## YOUR ASSIGNMENT
There is a line containing "Coagulation and Fibrinolysis" in the records below. Repeat it and every line after it, exactly, through the final line, but no pictures.
++++ DATA TO PROCESS ++++
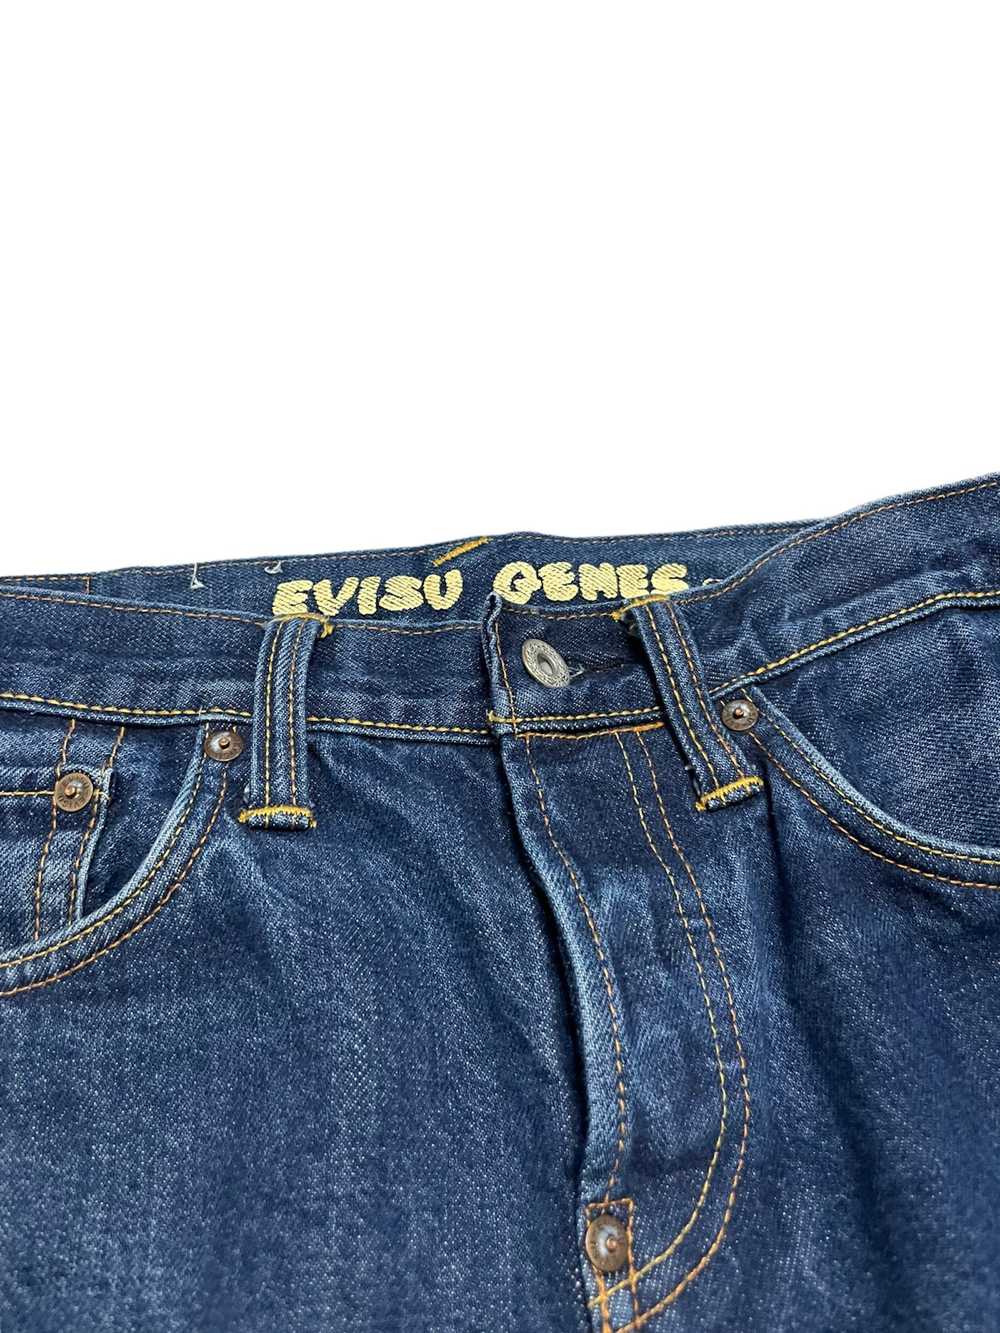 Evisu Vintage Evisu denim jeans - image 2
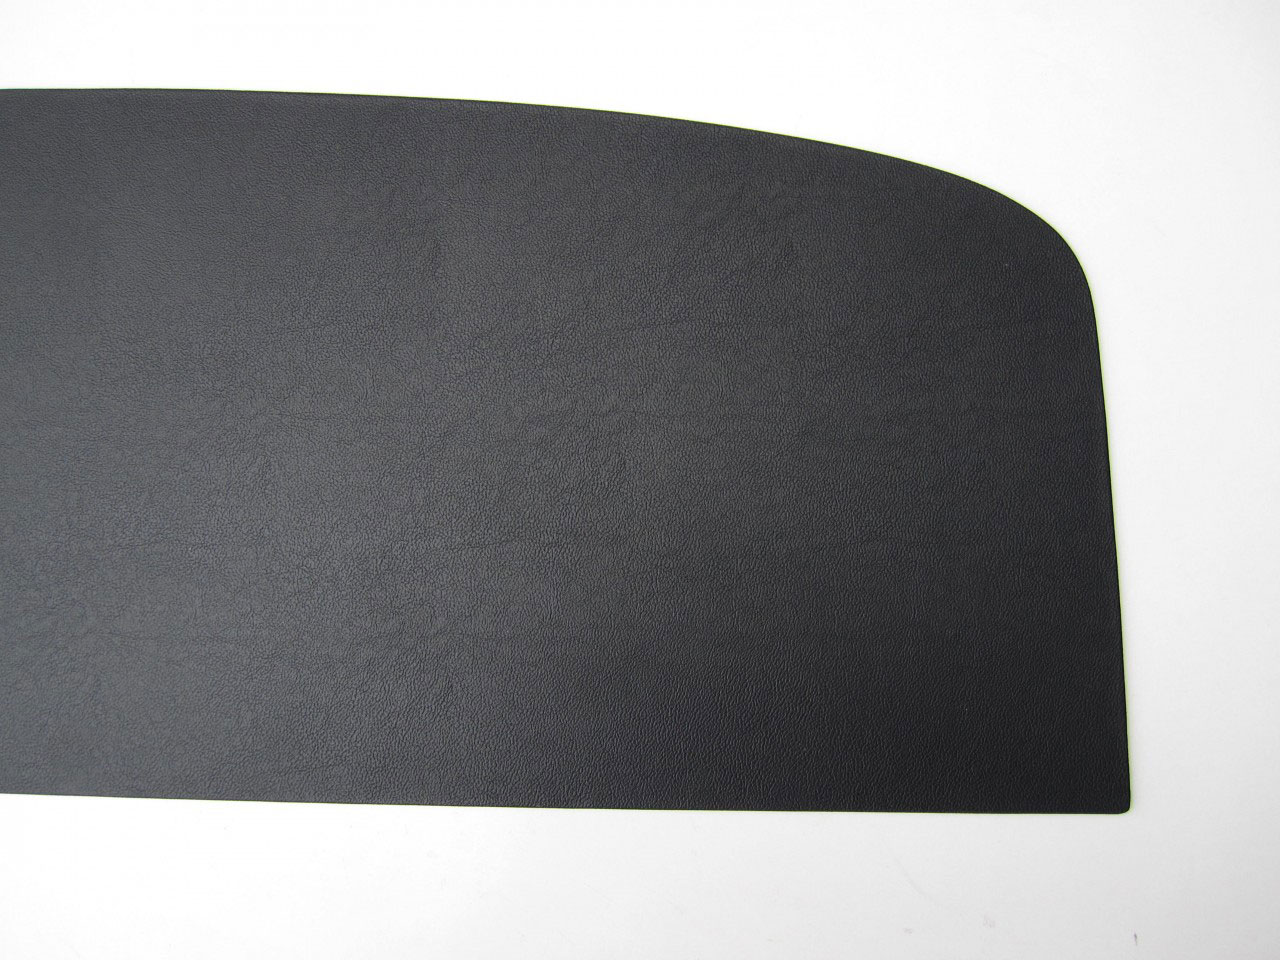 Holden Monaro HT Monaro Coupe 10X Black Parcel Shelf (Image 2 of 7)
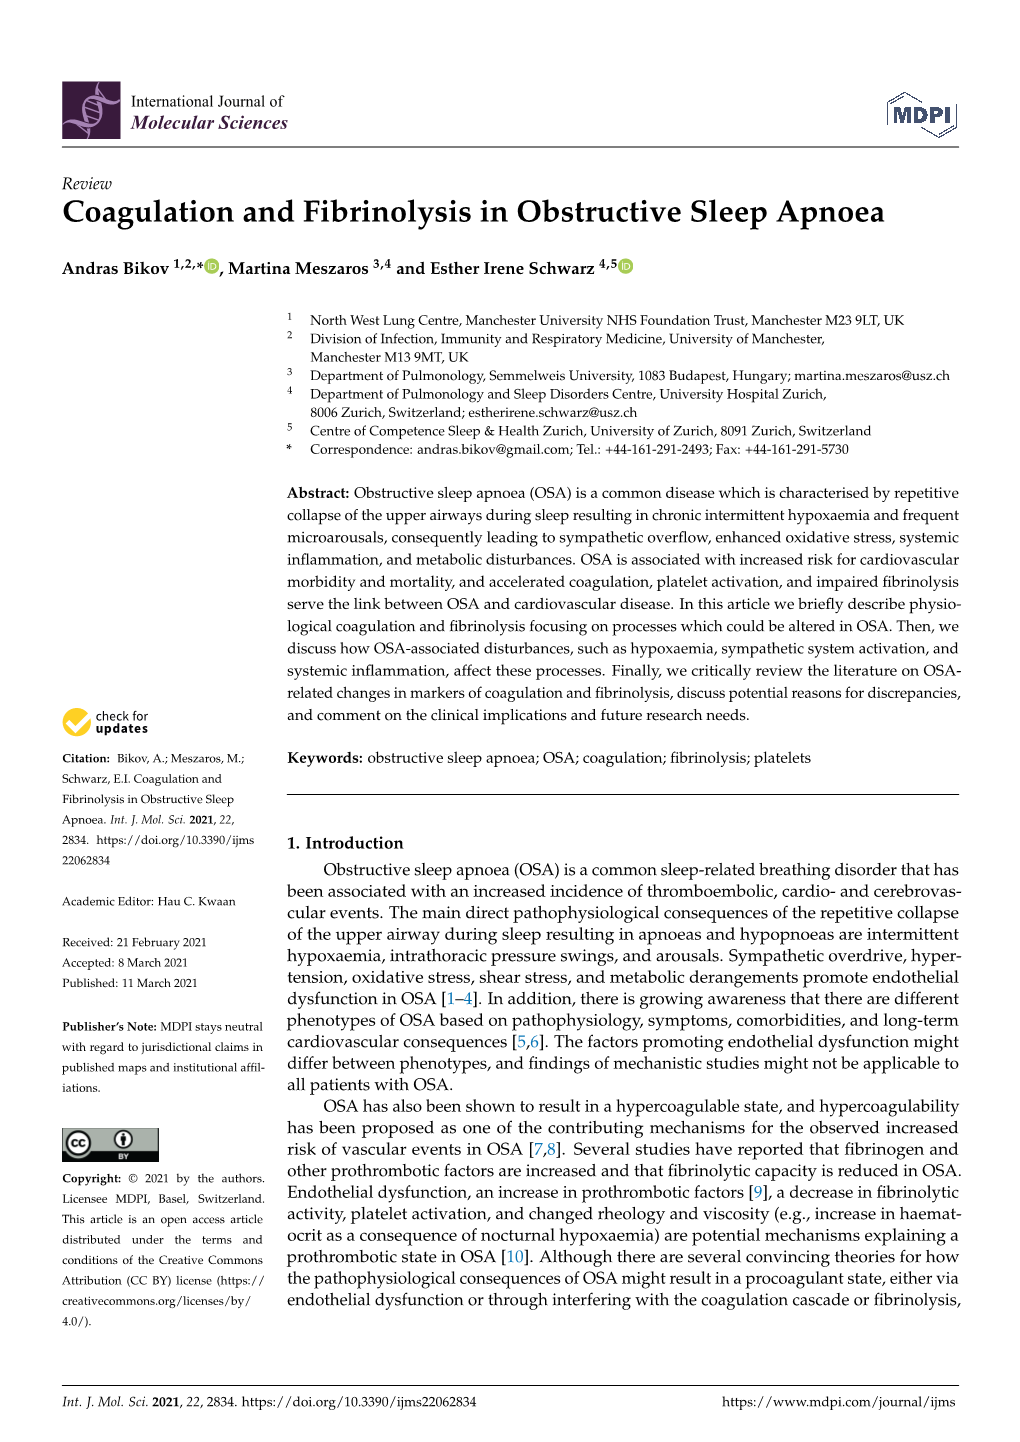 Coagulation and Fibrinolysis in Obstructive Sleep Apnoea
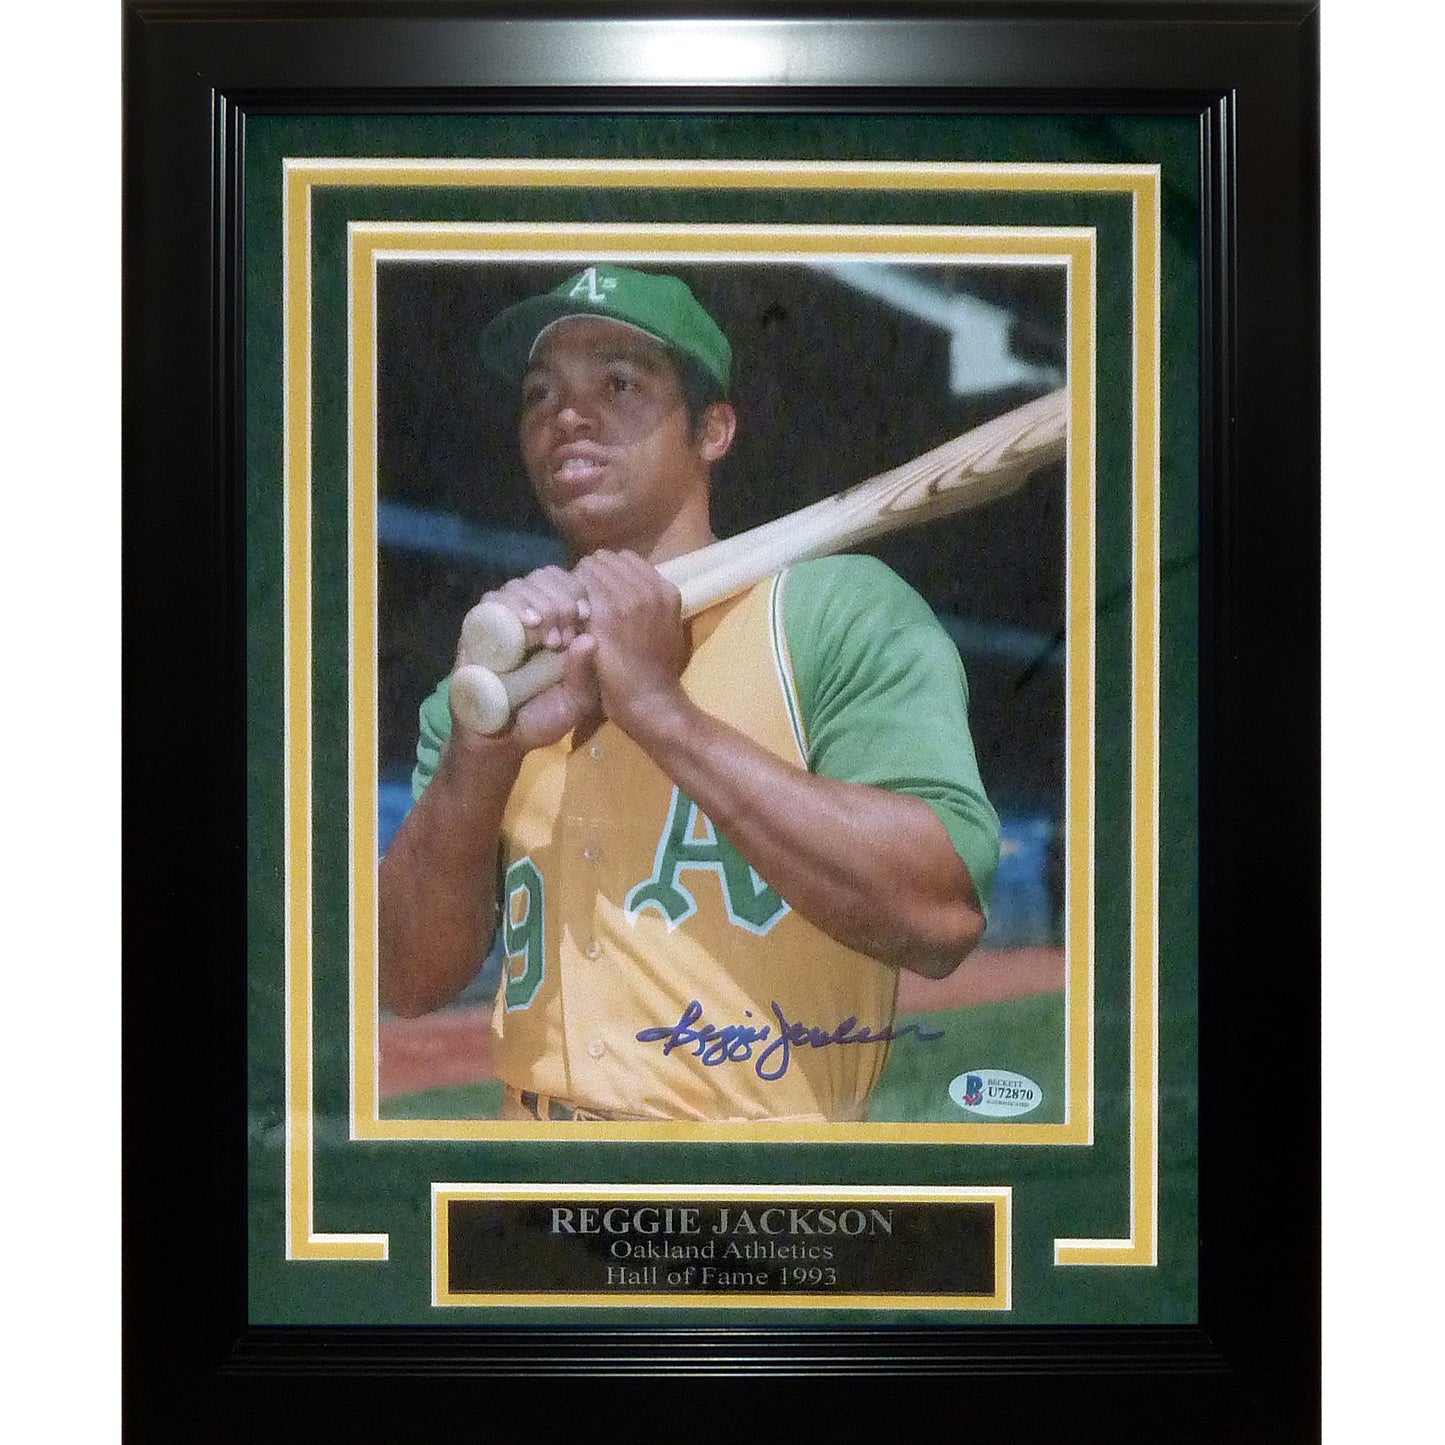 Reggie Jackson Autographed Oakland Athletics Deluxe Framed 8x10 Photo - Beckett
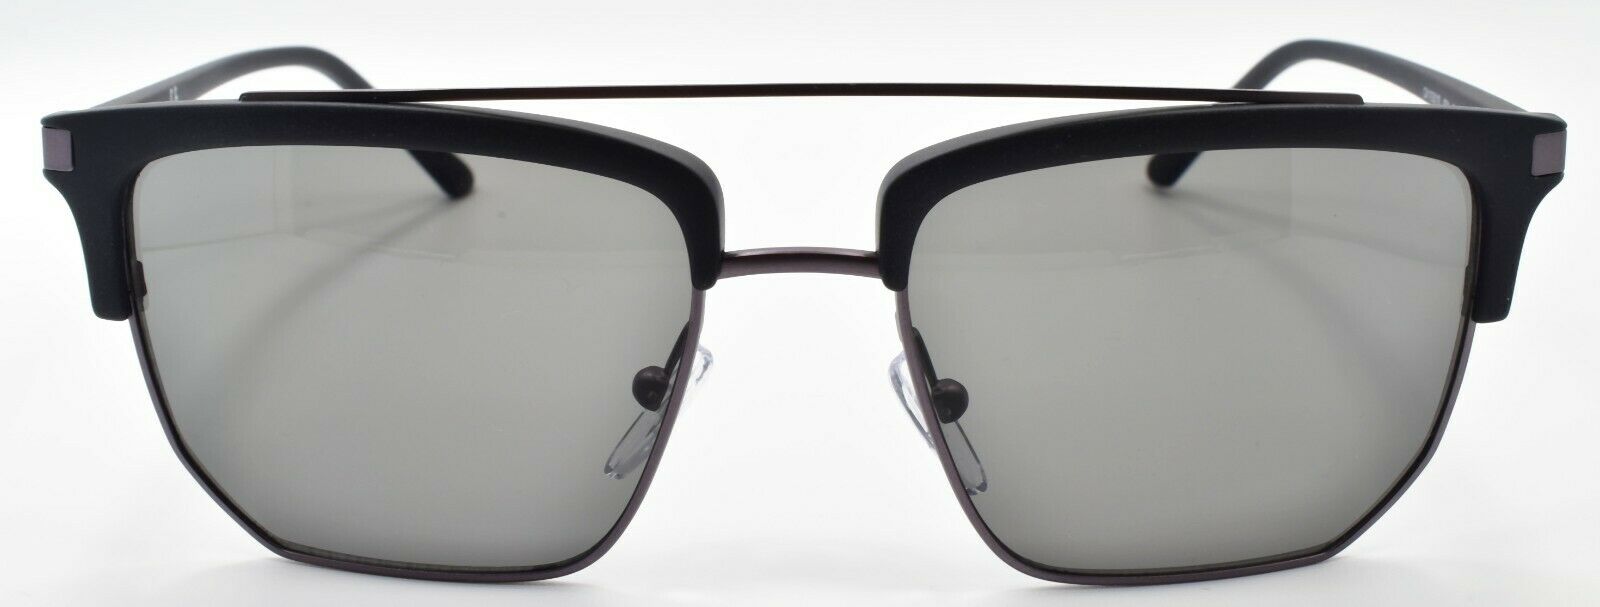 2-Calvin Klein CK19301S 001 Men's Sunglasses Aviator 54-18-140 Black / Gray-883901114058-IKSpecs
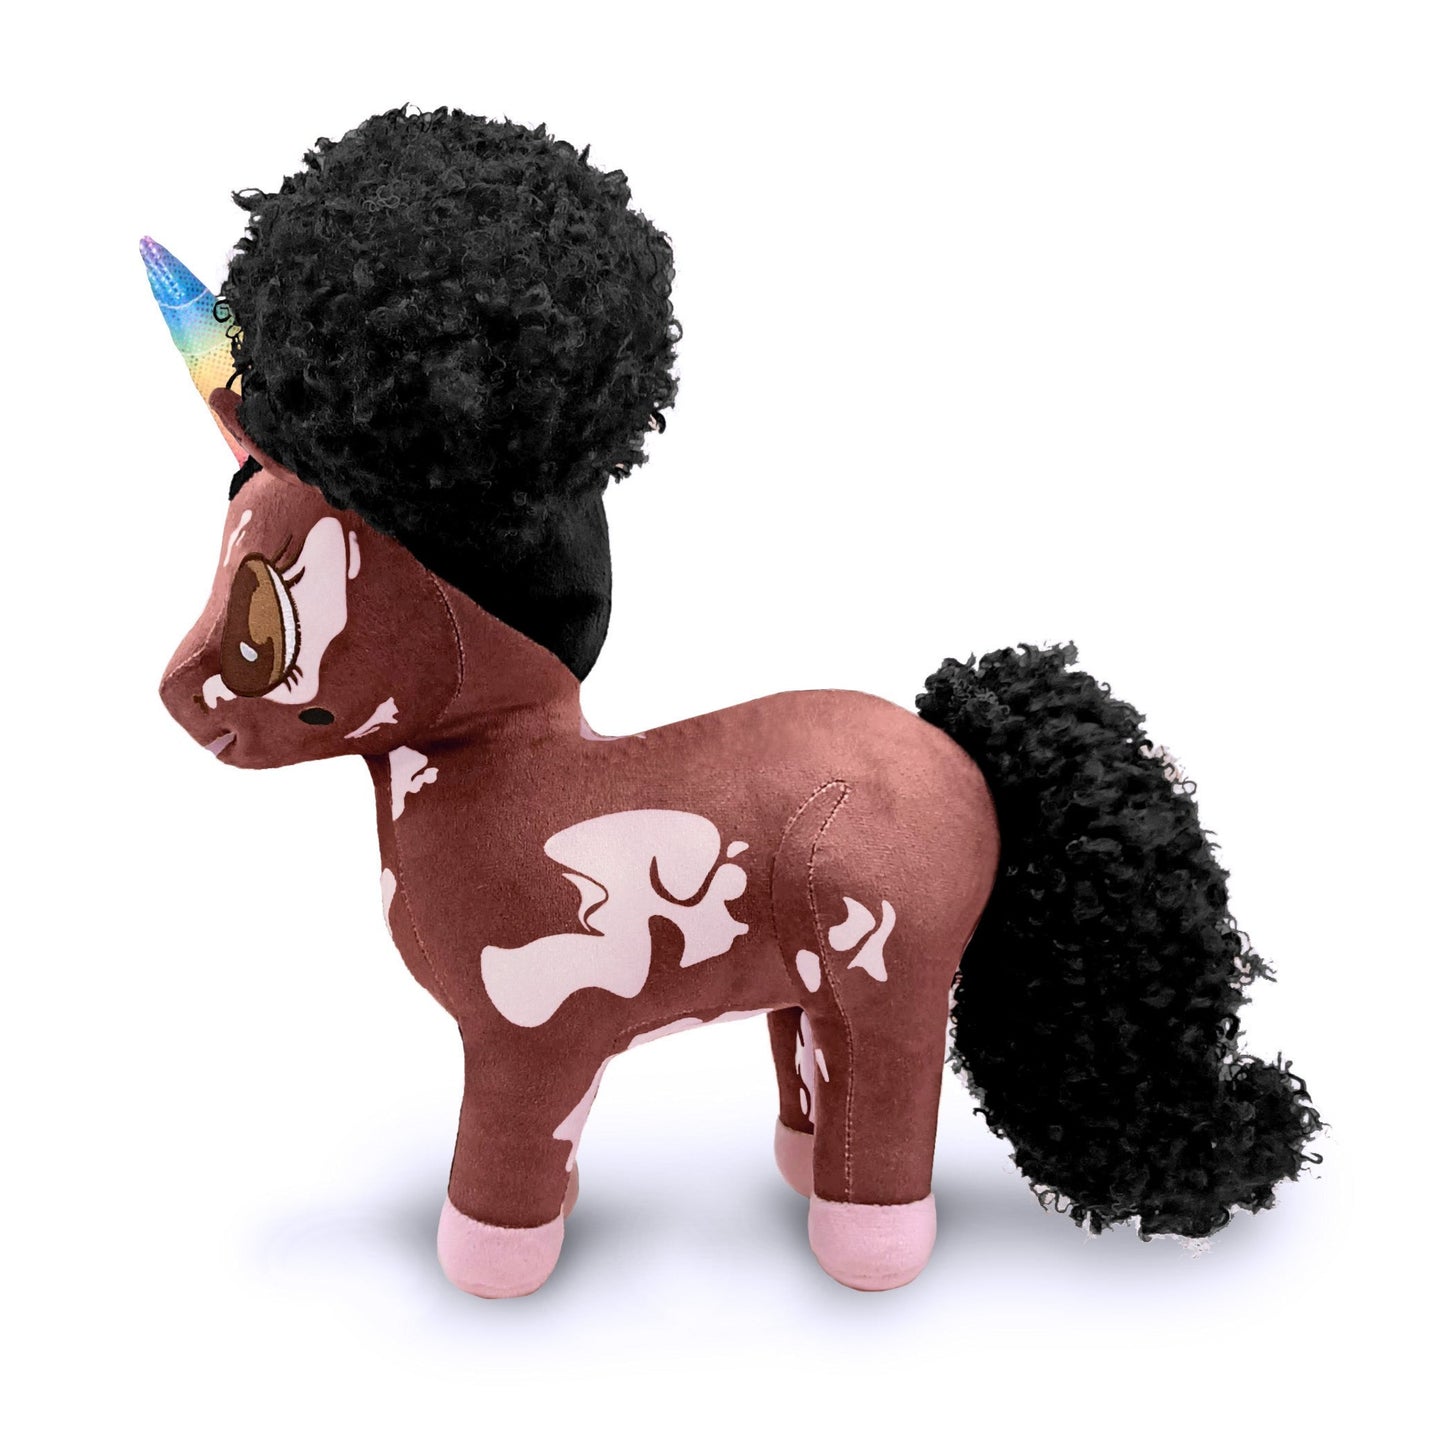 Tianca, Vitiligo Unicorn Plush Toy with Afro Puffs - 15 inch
++++
## TASK SOLUTION
 Coagulation and Fibrinolysis in Obstructive Sleep Apnoea
 Reggie Jackson Autographed Oakland Athletics Deluxe Framed 8x10 Photo - Beckett
 2-Calvin Klein CK19301S 001 Men's Sunglasses Aviator 54-18-140 Black / Gray-883901114058-IKSpecs
 Tianca, Vitiligo Unicorn Plush Toy with Afro Puffs - 15 inch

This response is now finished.